The plethora of new remote sensing data sources and analytic capabilities have given rise to new markets for remote sensing and GIS, such as asset management and location analytics. According to Jordan, users of such applications are most interested in information products rather than raw pixels.
If I just want a report on the health of my crops or need to know what percentage of my tax parcel maps are impervious or want to do some nontraditional information collection or data mining, I don't necessarily want to see the raw data. he explains. I'd really like to have the information product derived from the pixels. So, increasingly, these things will become dynamic services, rather than static images or static classifications.
Remote sensing data or imagery, in terms of its use, is horizontal in nature, says Lemmon. Such imagery is in widespread use for oil and gas applications, environmental mapping, land cover mapping and things like that. As the resolution improves, people are looking at using it for higher accuracy applications, particularly terrain modeling.
The technologies that are becoming available are enabling new approaches to existing markets, claims Steiner. Some examples of this are applications of land, mobile and UAS technologies that now allow rapid data collection and deliverable creation for markets such as asset inspection and mapping, utilities, environmental solutions, etc.
The biggest emerging markets for us are precision agriculture, solar, oil and gas, and wind, says Legeer. They all require geospatial expertise to execute on their plans. These are emerging opportunities.
DigitalGlobe's addition of shortwave infrared in its WorldView-3 satellite greatly increases the usefulness of satellite imagery for markets such as mining, hydrology and bathymetry, because it allows users to identify materials with capabilities that traditionally were reserved for airborne multispectral and hyperspectral systems.

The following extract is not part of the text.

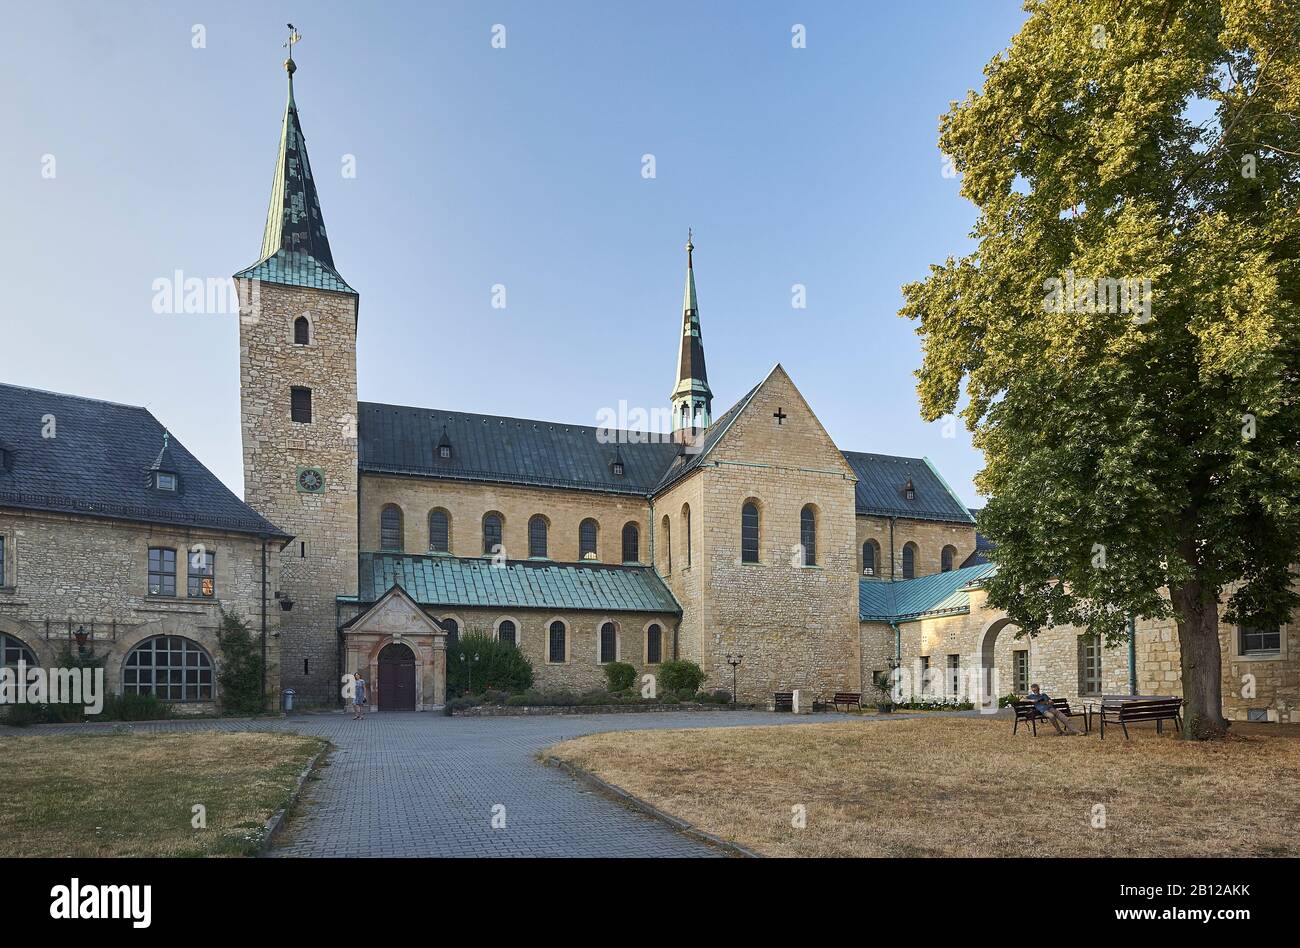 Monastery church of the Benedictine monastery Huysburg, near Halberstadt, Harz district, Saxony-Anhalt, Germany Stock Photo

We aren't quite to hyperspectral in space yet, says Legeer, but the bands that are on DigitalGlobe's WorldView-3 satellite are getting us closer.
What are the current bottlenecks in integrating remote sensing and GIS?
From a GIS standpoint, customers need an end-to-end solution rather than having to deal with disparate software solutions that don't talk to each other, says Abukhater.
From the hardware side, adds Steiner, one of the bottlenecks that will continue for some time is the ability to move data around. So we're developing cloud-based solutions that allow users to access data live all the time everywhere.
Legeer and du Plessis agree the amount of data is still a bottleneck. It's being solved by the cloud, says Legeer, but we still need to make sure that where we process on the cloud is close to the data.
The movement to the cloud will reduce many of the hardware bottlenecks, claims du Plessis, because you don't have to have hundreds of gigabytes of RAM on your machine any more. The bottleneck, he says, is making the software decide it needs to run a new routine based on sensor input it got automatically.
For Brower, the bottleneck is content management. When you pull up a spot on Earth, how do you know you're looking at all of the resources available there for you? One of our commercial solutions, GXP Xplorer, is a knowledge management solution for GIS and remote sensing professionals that allows you to pull together all the parts. If you have an image from DigitalGlobe, Planet Labs, Skybox or whoever, you can pull the image into one central view to work with the data.
As they continue to advance, hardware and software often leapfrog one another. Currently, when it comes to remote sensing and GIS, it's software's turn to leap over hardware.
When I was working with low-resolution Landsat data in the 1970s, recalls Jordan, you could calculate maximum likelihood with traditional algorithms. With high-resolution data like that from WorldView-3, you need smarter algorithms.